No, this is not quite correct.

From the horse's mouth: http://edwardfeser.blogspot.pt/2010/05/id-versus-t-roundup.html

I (together with commenter Holopupenko) attempt a clarification here: http://www.thinkingchristian.net/2011/11/plantinga-theres-no-good-argument-for-design-but-who-needs-one/

Starting at #15, then #43. The discussion eventually branches to other things like Aquinas' views on Analogy. Warning: there are some imprecisions and slight mistakes in what I wrote, but for what I knew at the time it is not a completely botched up job.

"And it is at least debatable whether living things of one kind have an inherent final cause to become living things of a different kind. An empirical approach would be to ask the question whether or not any non-living thing has the inherent ability to become a living thing, or whether some sort of external force was needed to causer it to become a living thing. Feser's insistence on Aristotelian final causes means a rejection of an empirical investigation of this question."

Actually you gave an example -- the appearance of life -- that *is* a matter of controversy even within the Thomist camp, because every Thomist will tell you, and argue the case, that there is a difference in kind, not just in degree, between non-life and life, so it is not at all clear whether there is a need for an appeal to a special creative act of God or nor; some think it does, some do not. Once again, straight from the Horse's mouth: http://edwardfeser.blogspot.pt/2012/12/nagel-and-his-critics-part-vi.html

Start in the paragraph that starts as "Leibniz promoted least action principles". It is not directly about life, but the comments about teleology apply verbatim and should give the gist of what I am trying to get at.

Eric said...

Hi Dan, thanks for the response.

Perhaps we could help move the discussion along by looking at some specific examples. Do you have any paradigm case instances of attempts at excendance in mind that you would take to preserve (or affirm) knowledge while repudiating form?

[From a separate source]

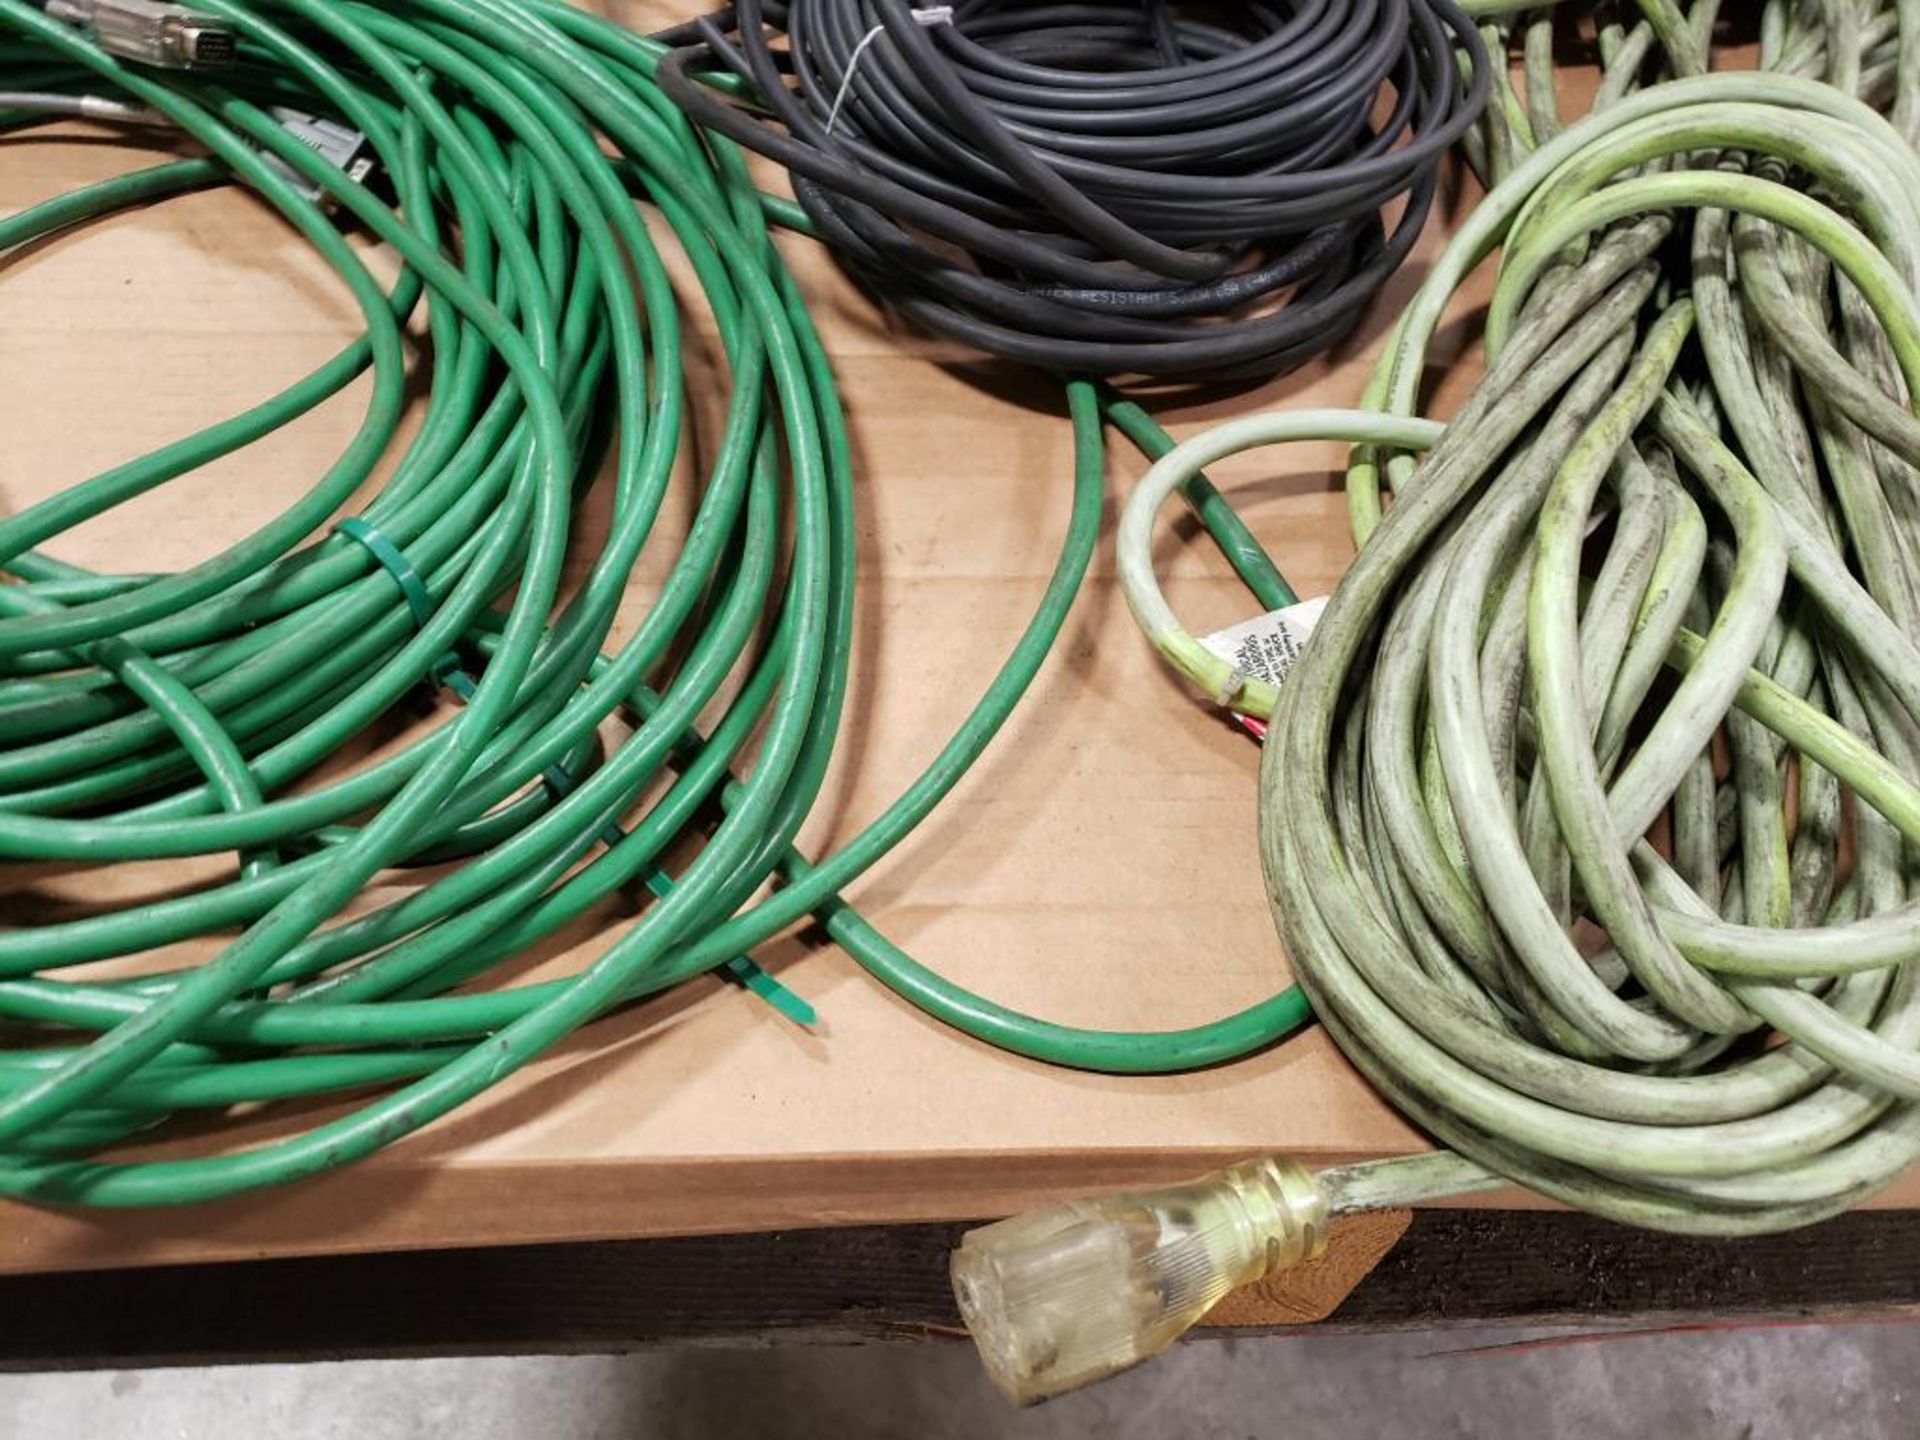 Pallet of assorted electrical connection wires. - Image 12 of 13

(Sorry for the delayed response -- just getting over the flu!)

Unknown said...

Eric,

Off the top of my head, I can't think of any examples were form itself was repudiated, merely instances of form, i.e., "form--or 'forms'--of … " So I wouldn't say that those cases are instances of repudiating knowledge itself, merely instances of what we knew or thought we knew. I can think of some instances where certain thinkers have been lead to some sort of existential crisis over how form, or forms, are inextricably human, e.g., Sartre in his novel Nausea, but that isn't an outright repudiation of knowledge itself or form itself. I'd have to go through my library to find specific cases to examine with you, and, quite honestly, I think I'd come up empty.